Selected Poems
Poems from Talk
2019, Bordighera Press
Delicatessen
​
The knob's click and door's creak,
newspapers stacked in rows
along the broken tiles,
pickle barrels spilling brine,
rusted fruit, and a dozen loaves
wrapped in brown paper sleeves,
heaped beyond my reach. These
were the summer evenings
on my father's heels
along the city streets –
before we moved, but I could
read, or believed I could read.
Within the frosted glass I saw
the rolls and squares of meat
and cheese, and twisted brown fish
whose eyes were out. I conceded
to their syntax, broke-in my tongue
on words caught on the palate,
scraped across teeth stretched
across breath: peppered mackerel,
cappicola, mortadella, provolone . . .
I saw the names, and saw them as if,
figured from hunger, they met
the teeth and told them what to do:
prosciutto, pastrami, kalamata, calamari.
Along the sawdust track
that crept beneath the back room's
curtain, another man emerged
as unlike my father
as I could imagine.
Black hair and beard salt
and peppered, eyes like two olives,
his nose large as a kaiser roll.
There was a clammy taint
about his apron, a marrow-essence,
a smudge of blood on his arm.
He laughed, and I shrank behind
my father's thighs.
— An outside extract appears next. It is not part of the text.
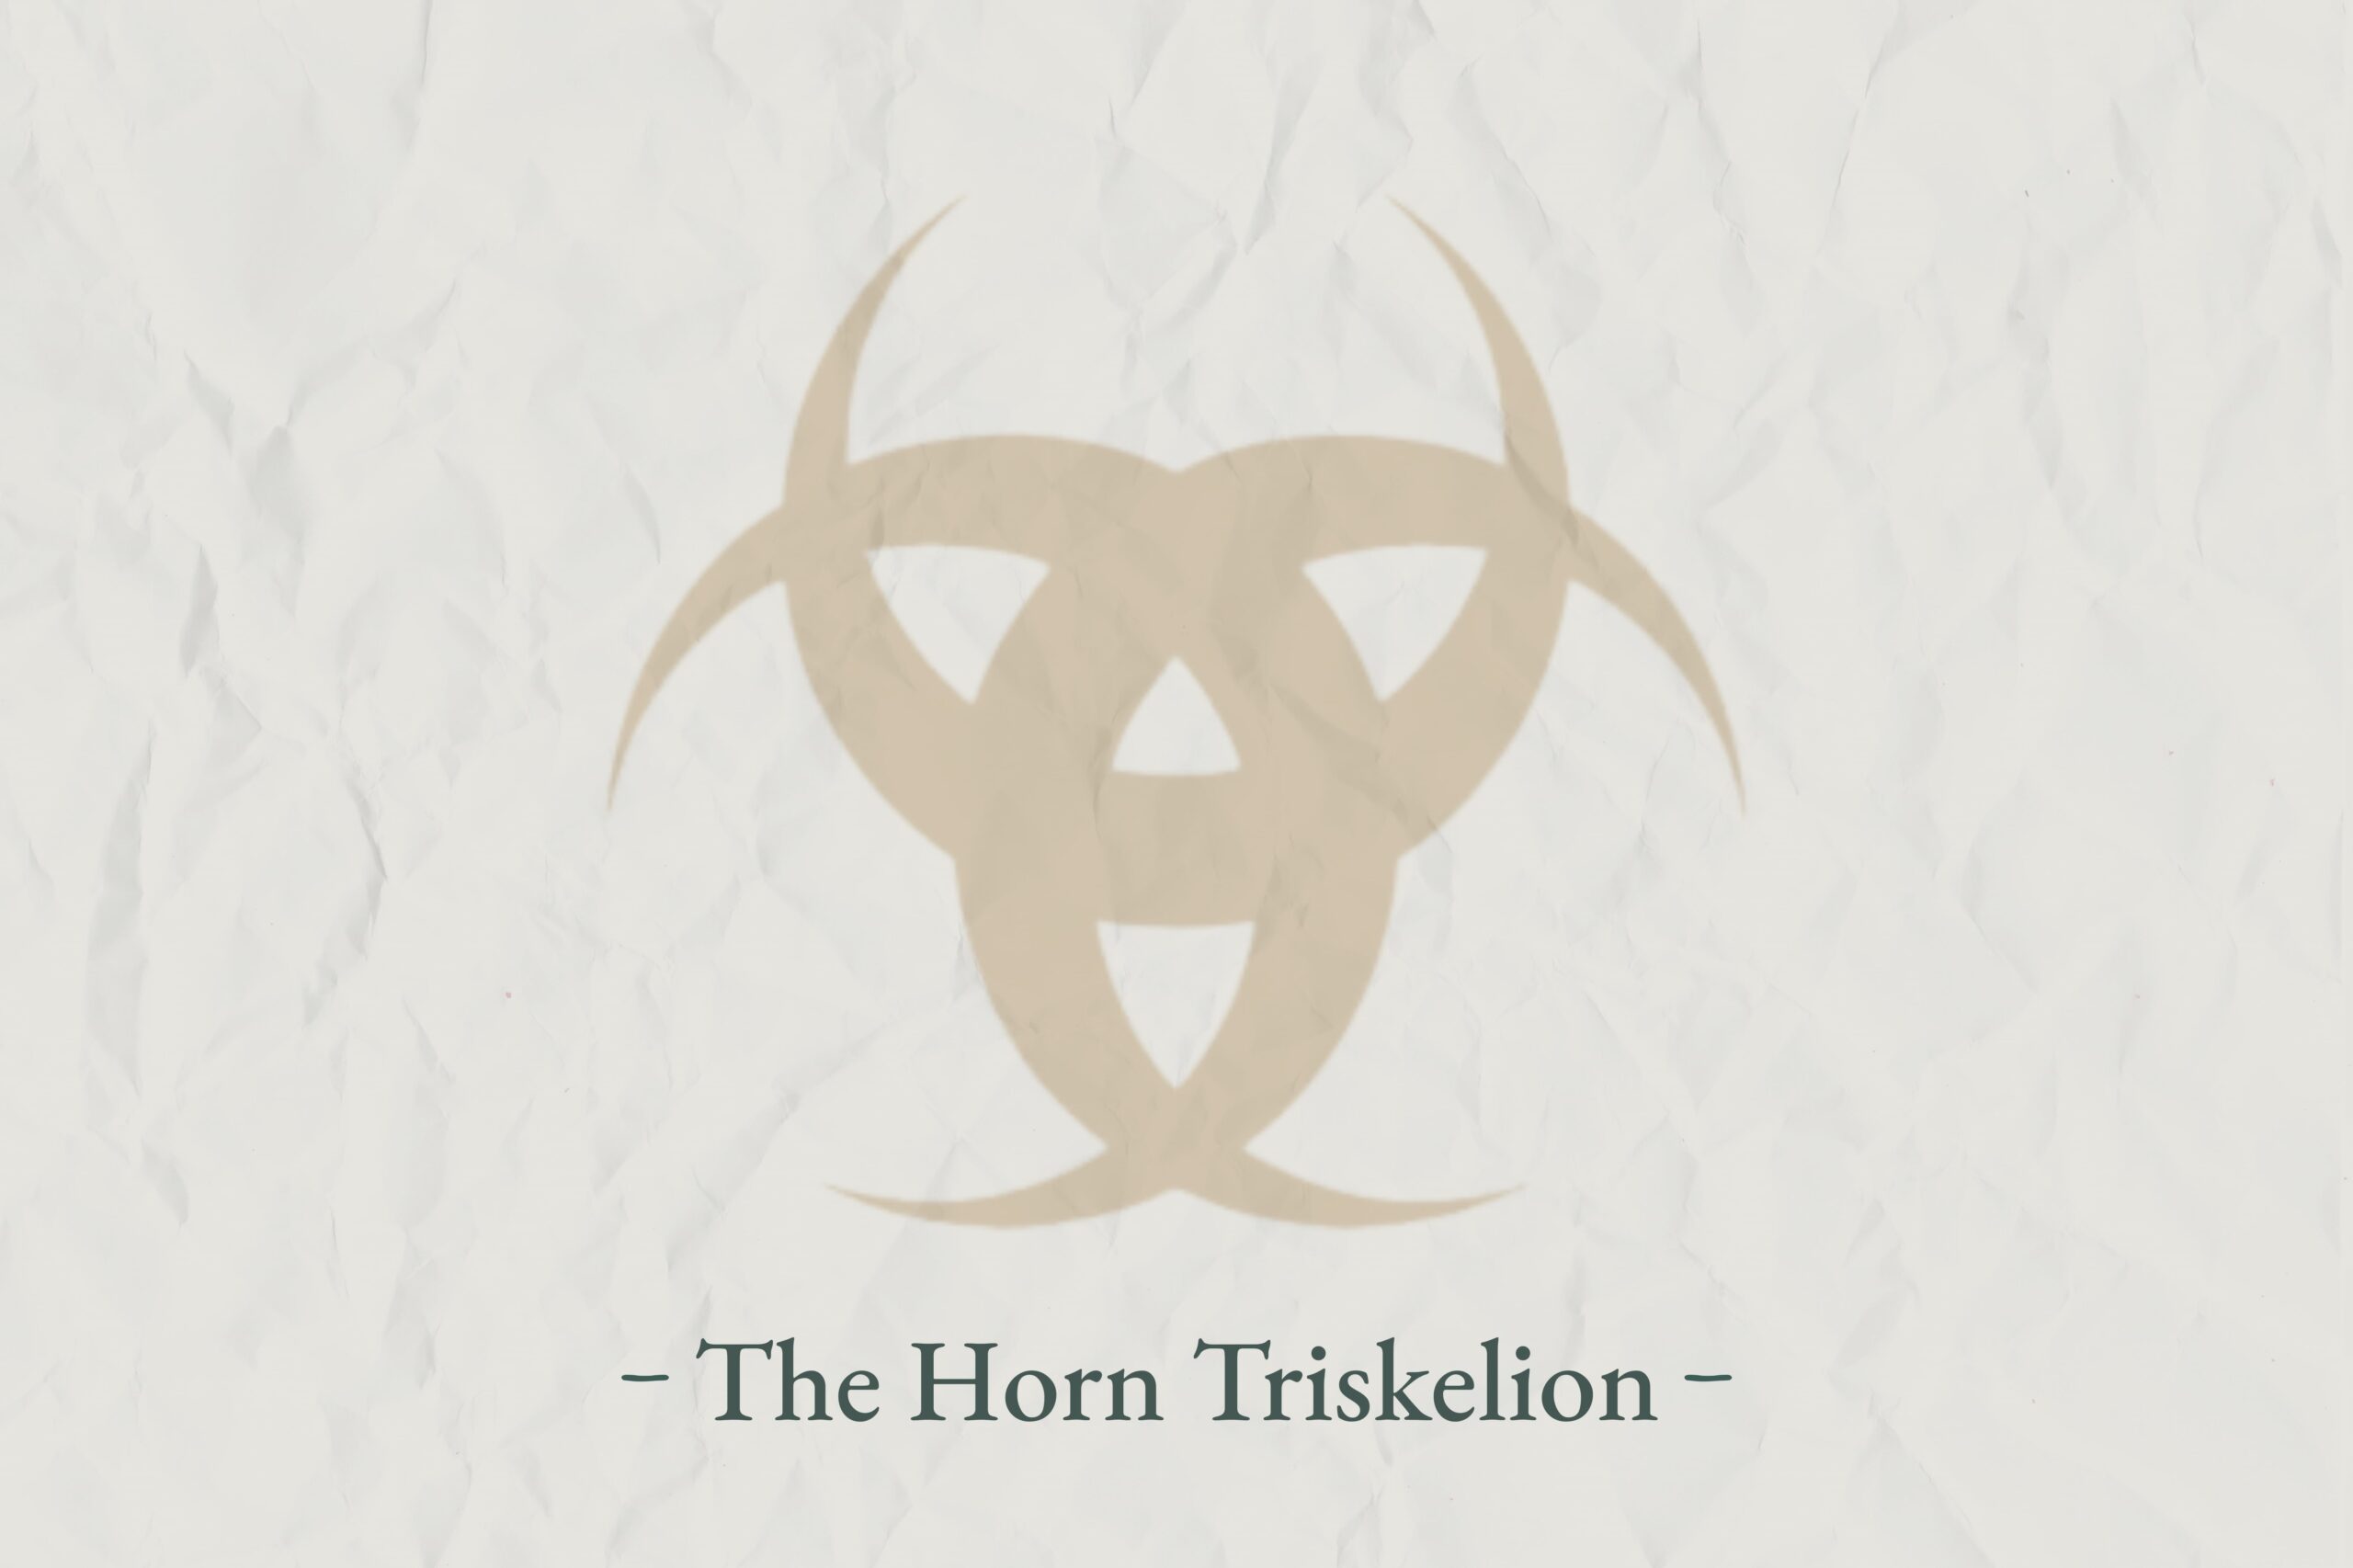 The Horn Triskelion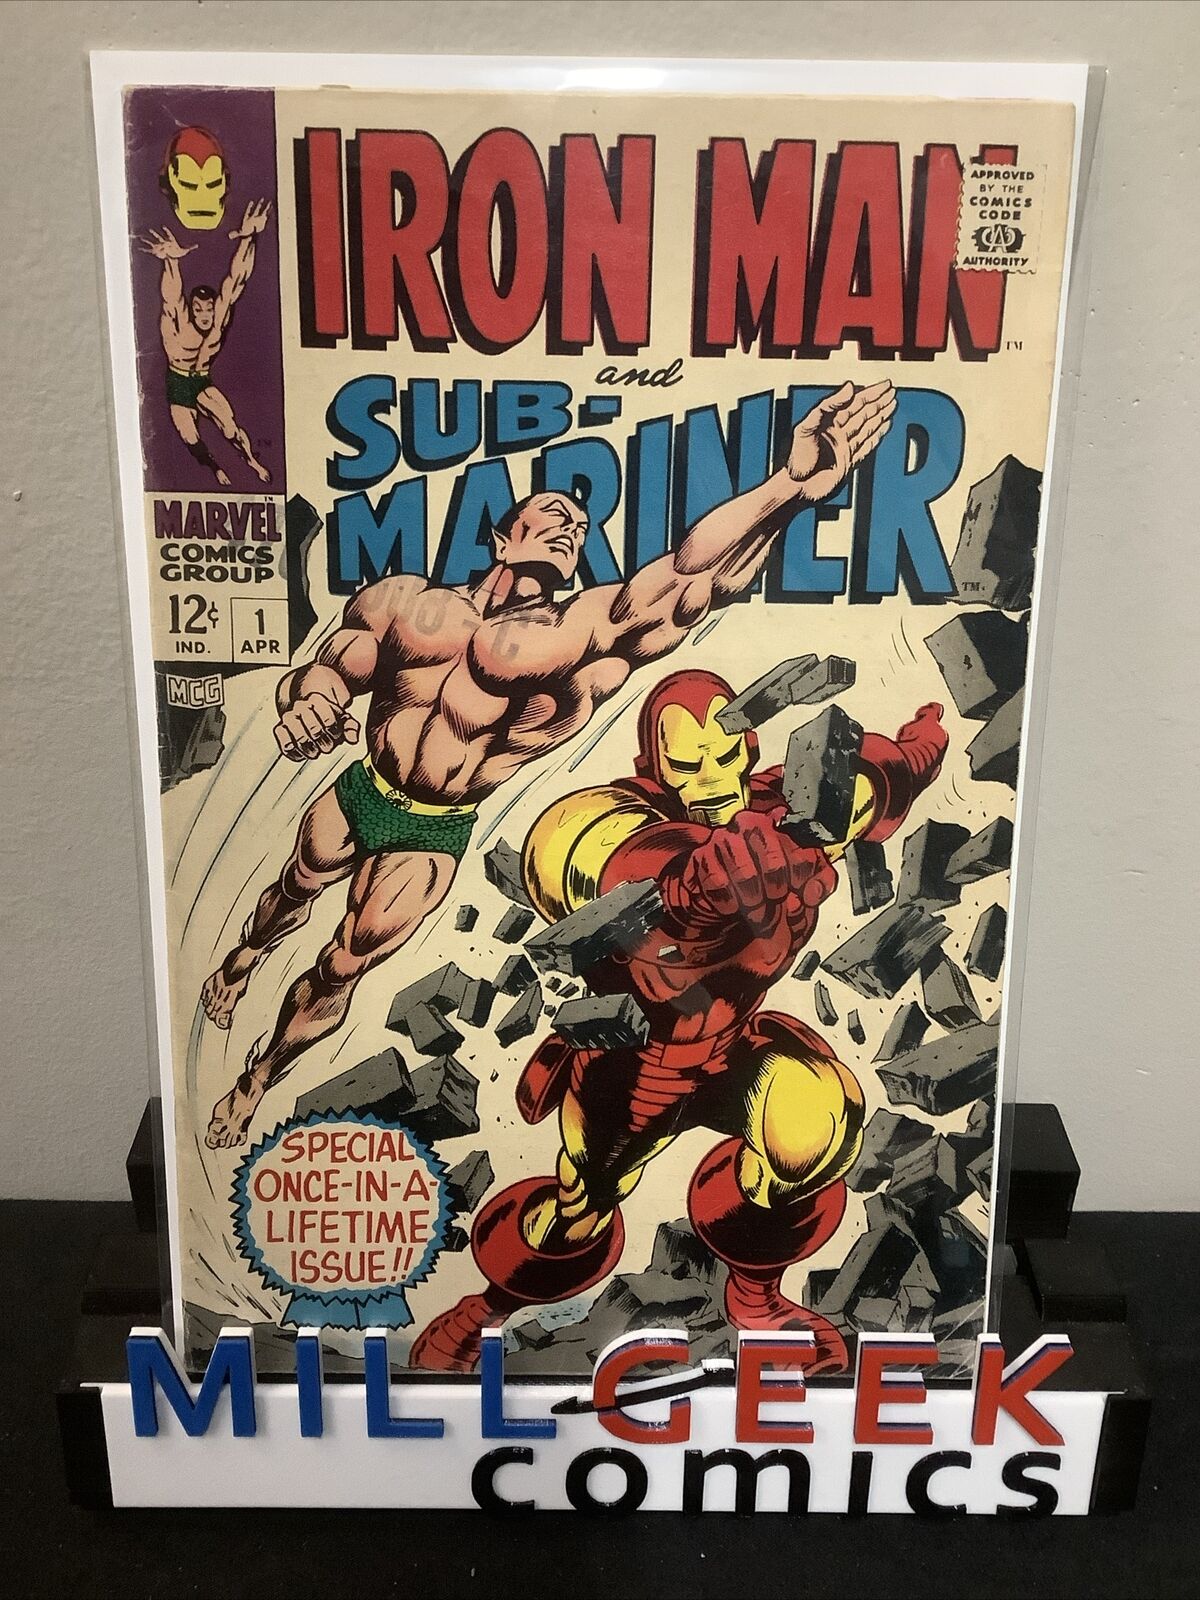 Iron Man And Sub-Mariner #1 (April 1968) VG- (3.5) Roy Thomas/Bill Everett

All talk
is lost in grammarless memory.
In my father's footsteps,
I watched the rituals of commerce
among the freezer cases –
wallet's flip, chime of coin,
the stiff brown bag,
top end rolled cigar-tight,
hanging from his hand.
The incense of cigarettes.
Before the street
the neon arc buzzed NESSETACILED.
I wondered what it meant,
that sudden yearning toward
curves of light, an appetite
blessed by circumstance.
Then I saw I was inside. The walls,
their shelves, the rows of cans
and bottles and paper-wrapped provisions,
the quiet meats and cheeses,
the refrigerator, my father
and the other man, the antipodal
sign itself, all breathed, or seemed
to breathe, or mutter, or stumble
toward articulations I couldn't
yet imagine. We left the way we'd come,
but everything had changed – first,
I was alone, despite my father's
warm, firm hand. Each car that passed
seemed burdened with its own
immobile bulk, each house sat
harsh and bright and dumb,
every stranger's face smiled
with a kind of gentle stupidity
I shouldn't have seen for years.
And the filthy, fecund street,
unending gate-latched iron fences,
factories of proud bricks piled
high to nowhere with windows . . .
Who could sleep? And yet I slept,
and dreamed that words could crack,
break on my tongue, fix broken thought,
catch time and keep it still,
and care for sense with assonance.
Talk
At times my mother's tongue
would fix itself.
Away from family,
she'd lose the glottal stop
she'd gotten from the street,
dropped Rs began to rise,
syllables drawn
in sharp spoken clicks.
As if diction marked
sophistication,
she'd make the impression,
and by that fiction shield herself
from other people's opinion.
It just happened. It wasn't subtle.
Among half-strangers
or those for whom the language
of protocol is essential,
she'd speak correctly, clearly,
carefully. Sometimes,
she'd surprise herself
with what she said
under such pretensions.
"I think I have to disagree."
"The sky is certainly
inspirational tonight,
isn't it?" "What a lovely table."
This might seem funny.
But when her speech was clipped,
cut-up by antagonists,
those close-cropped consonants
broke new ground. Listeners stopped,
cocked their heads, attention caught.